• Work to complete:
Repeat the whole listing word for word, skipping pictures.

• Information shown:
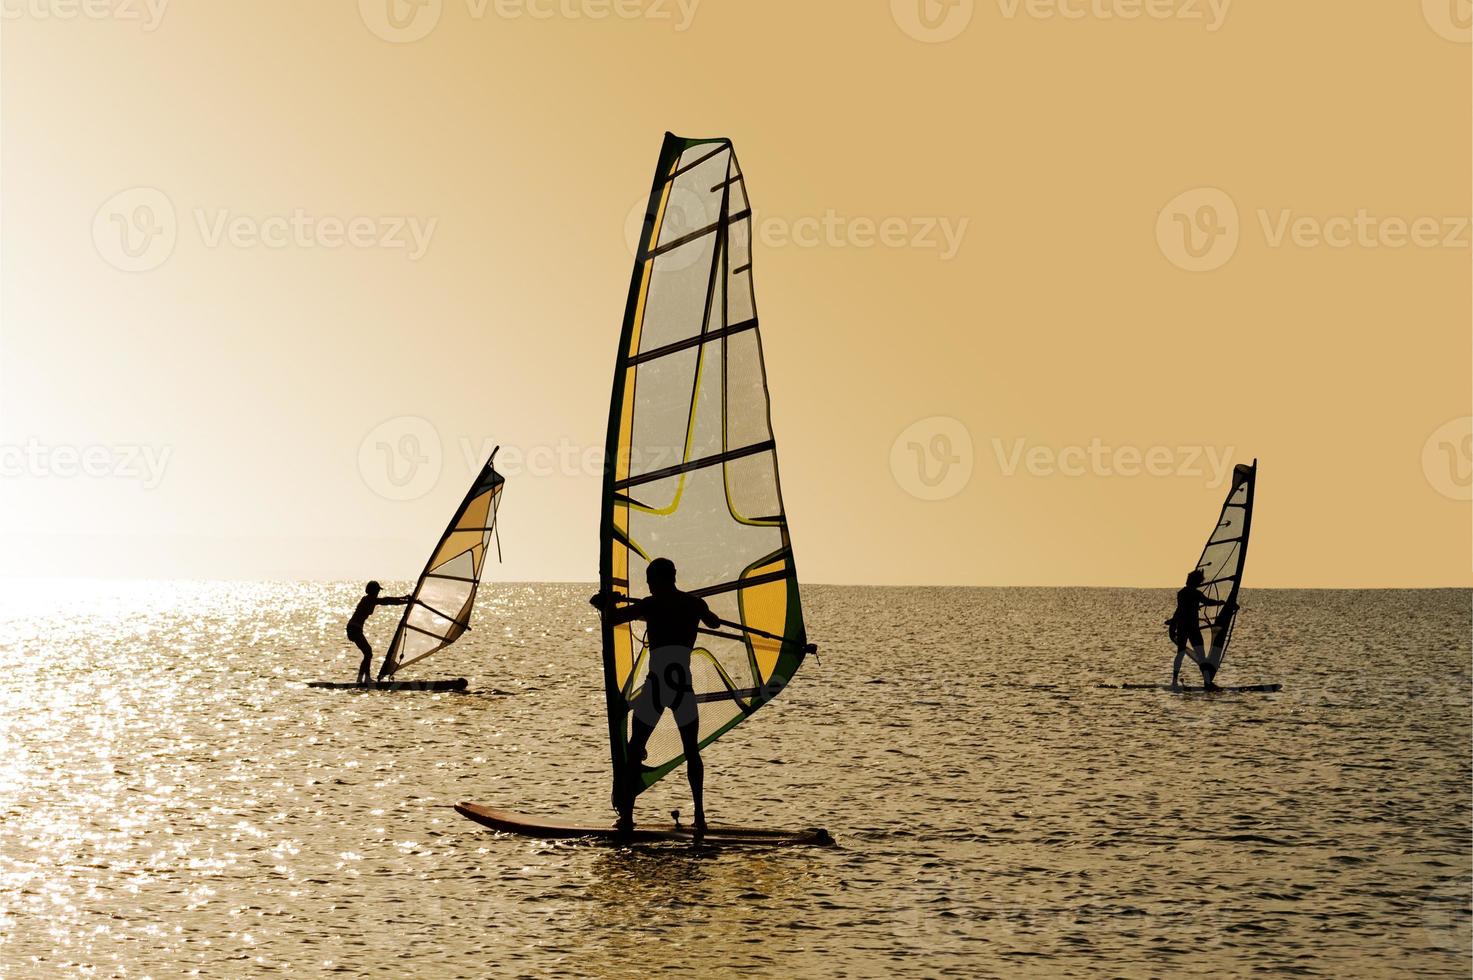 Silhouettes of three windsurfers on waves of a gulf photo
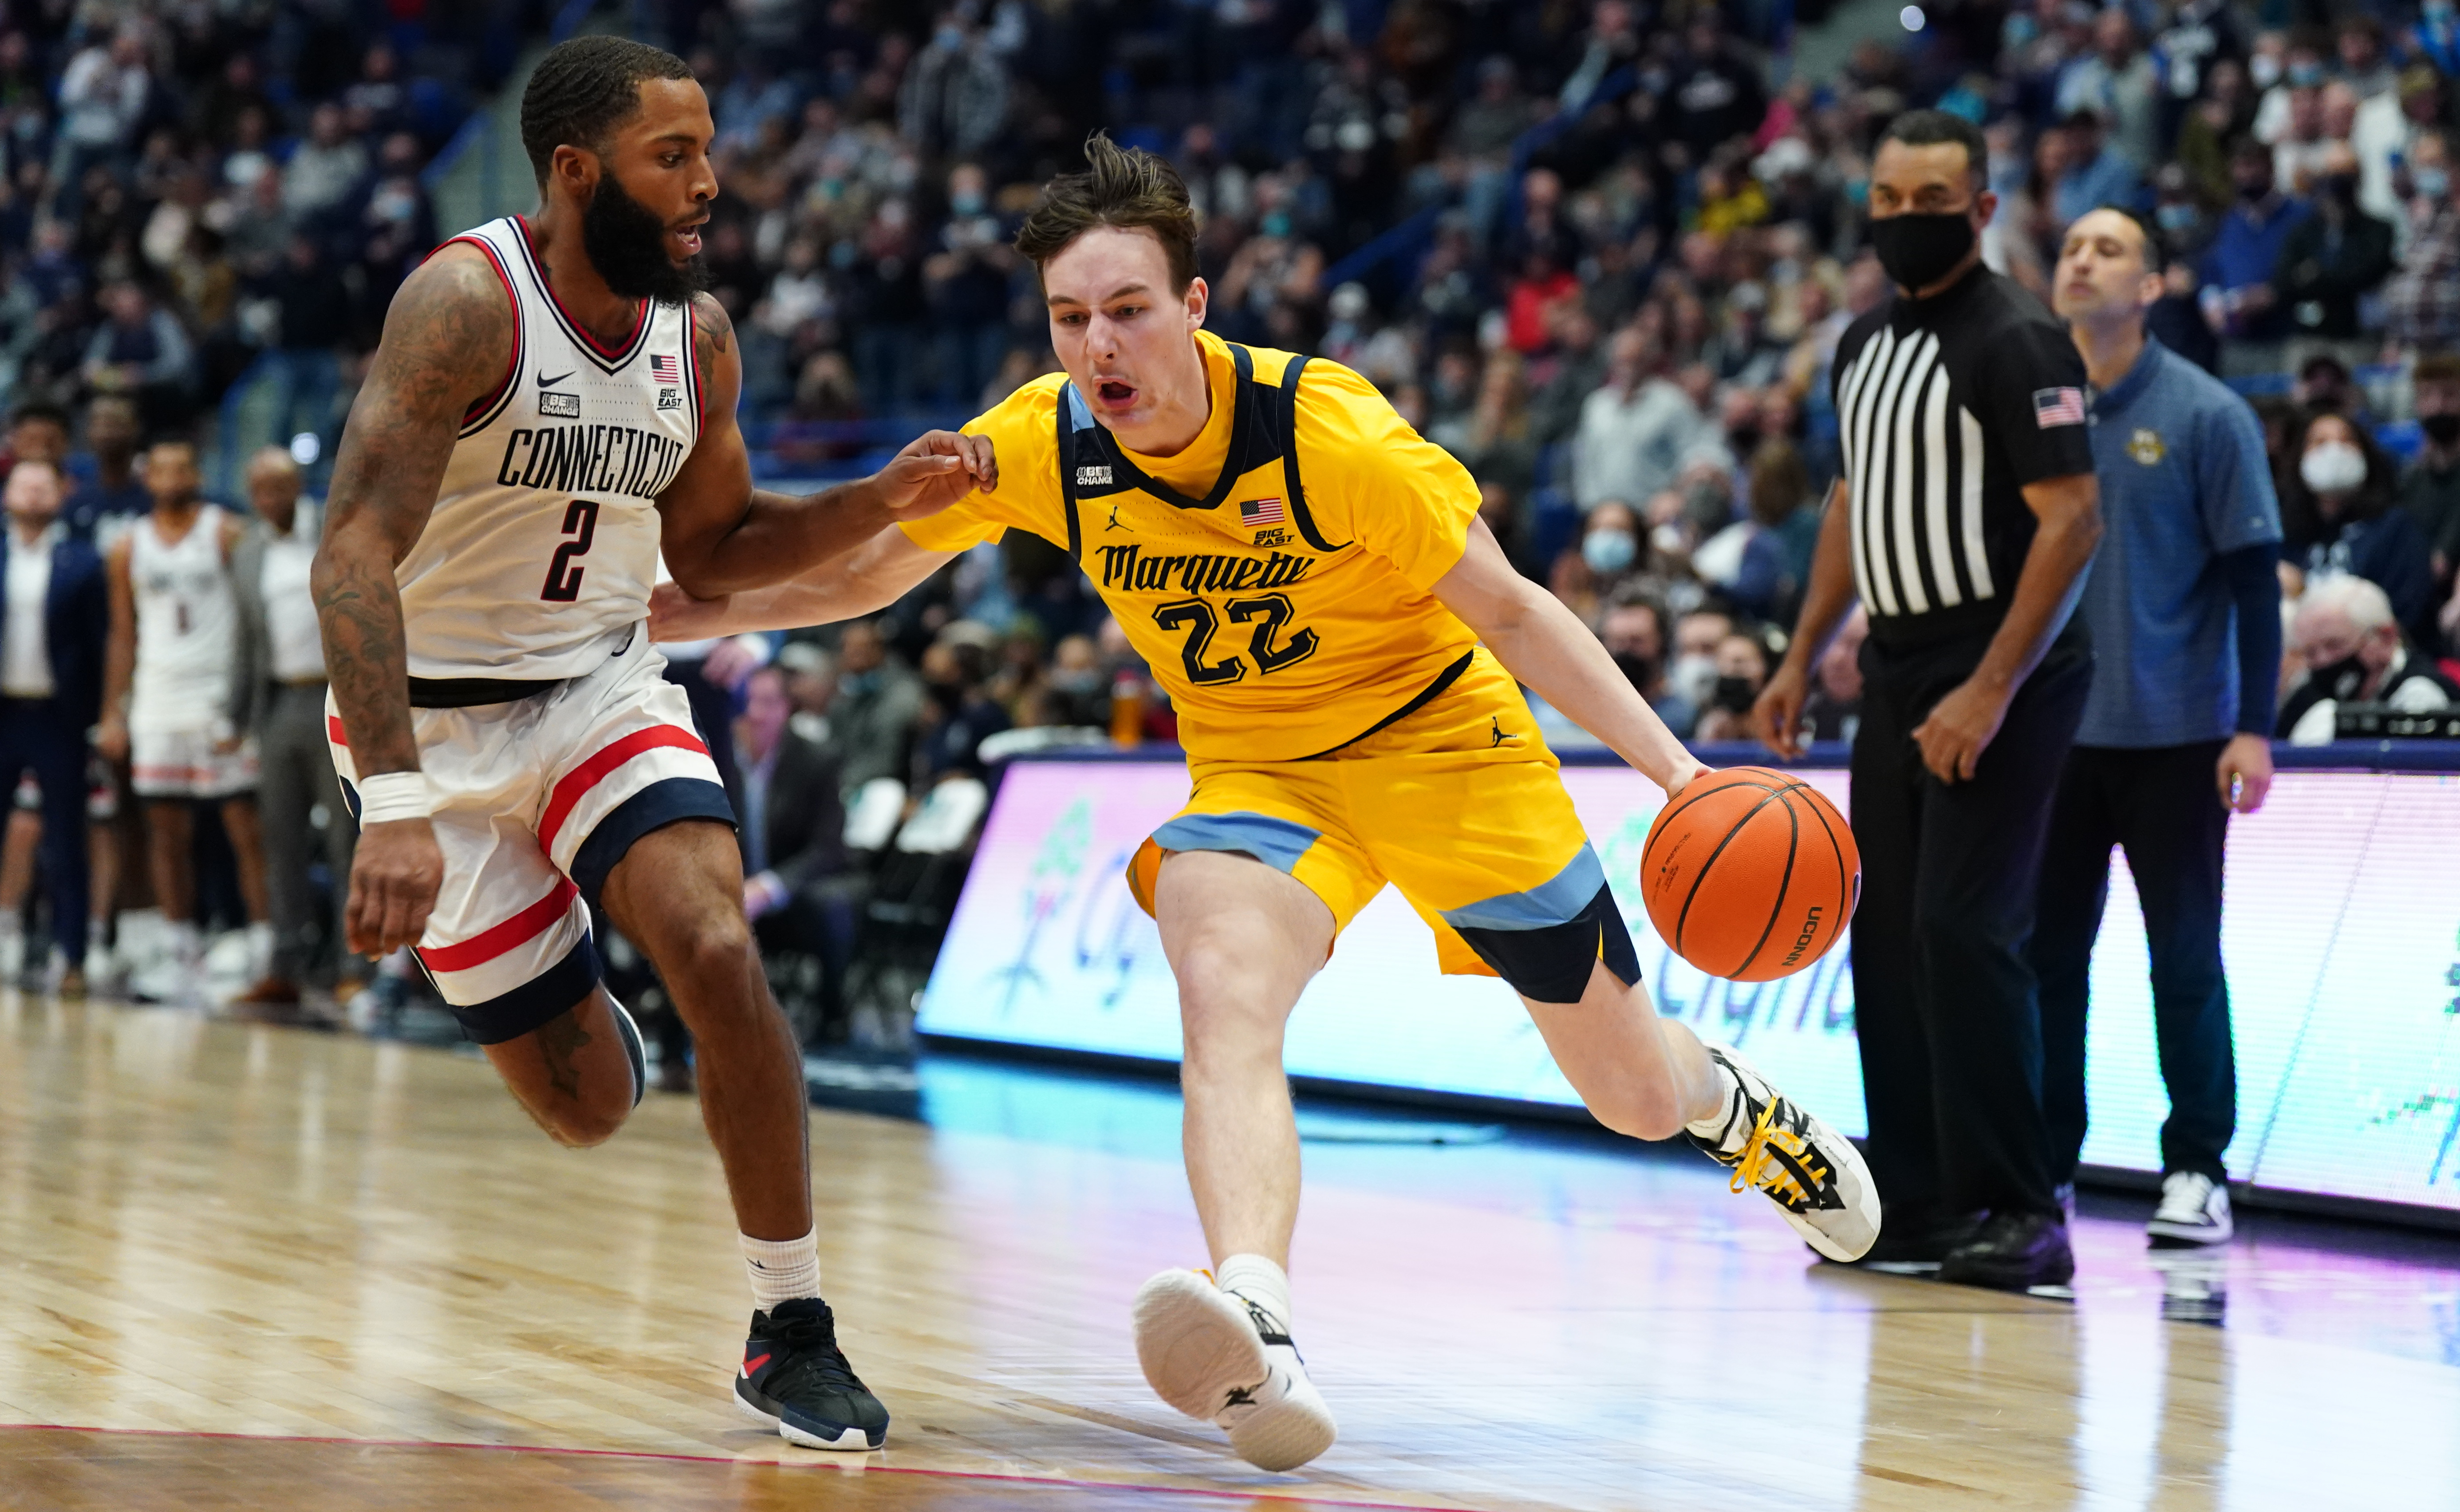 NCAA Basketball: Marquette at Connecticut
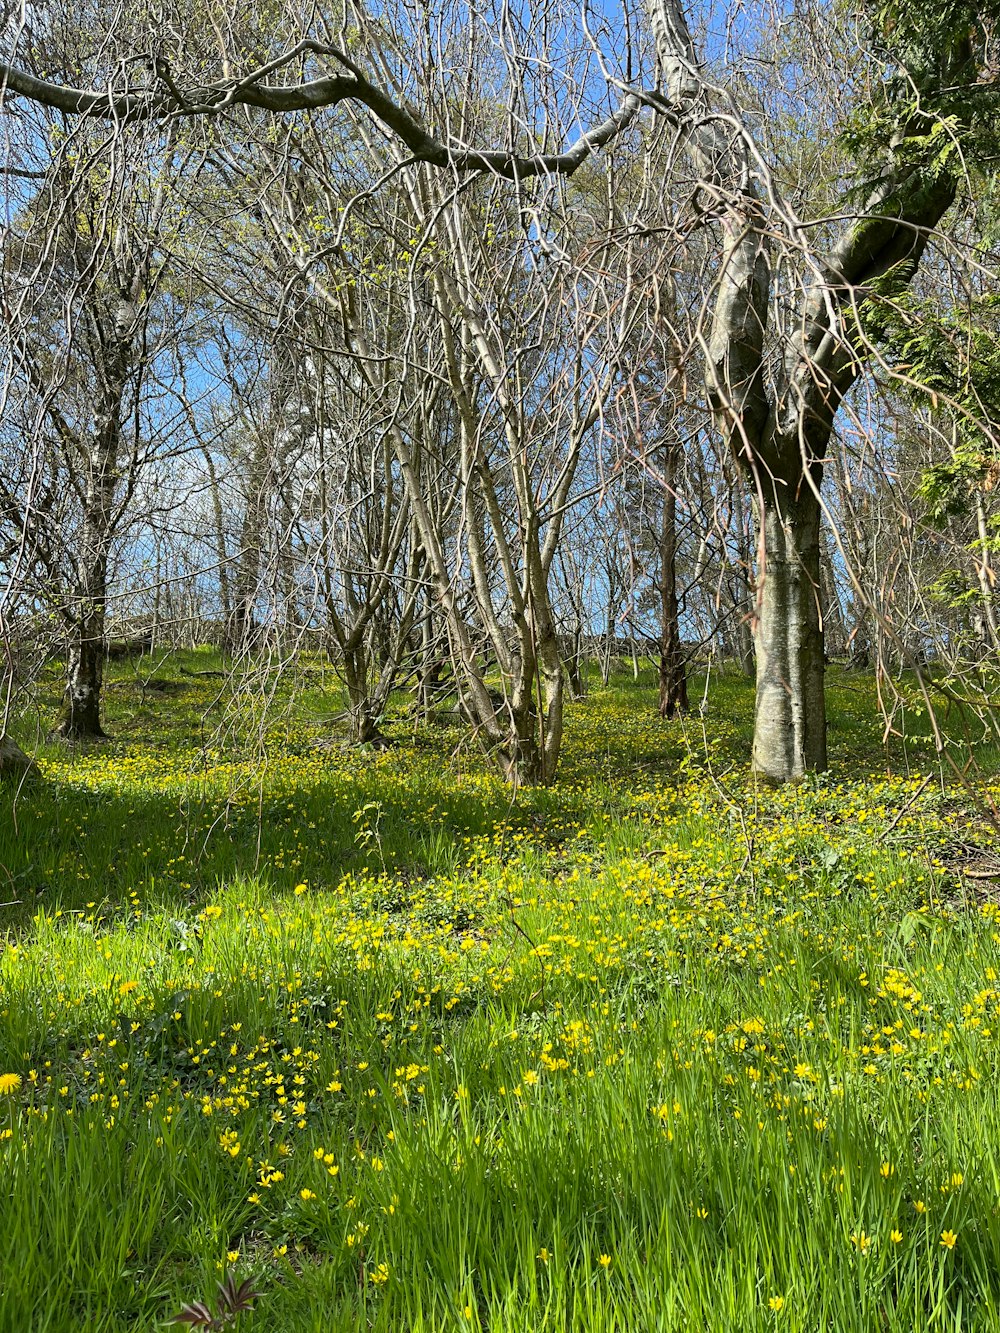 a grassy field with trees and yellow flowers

• Expected answer:
 Silhouettes of three windsurfers on waves of a gulf photo
 NCAA Basketball: Marquette at Connecticut
 a grassy field with trees and yellow flowers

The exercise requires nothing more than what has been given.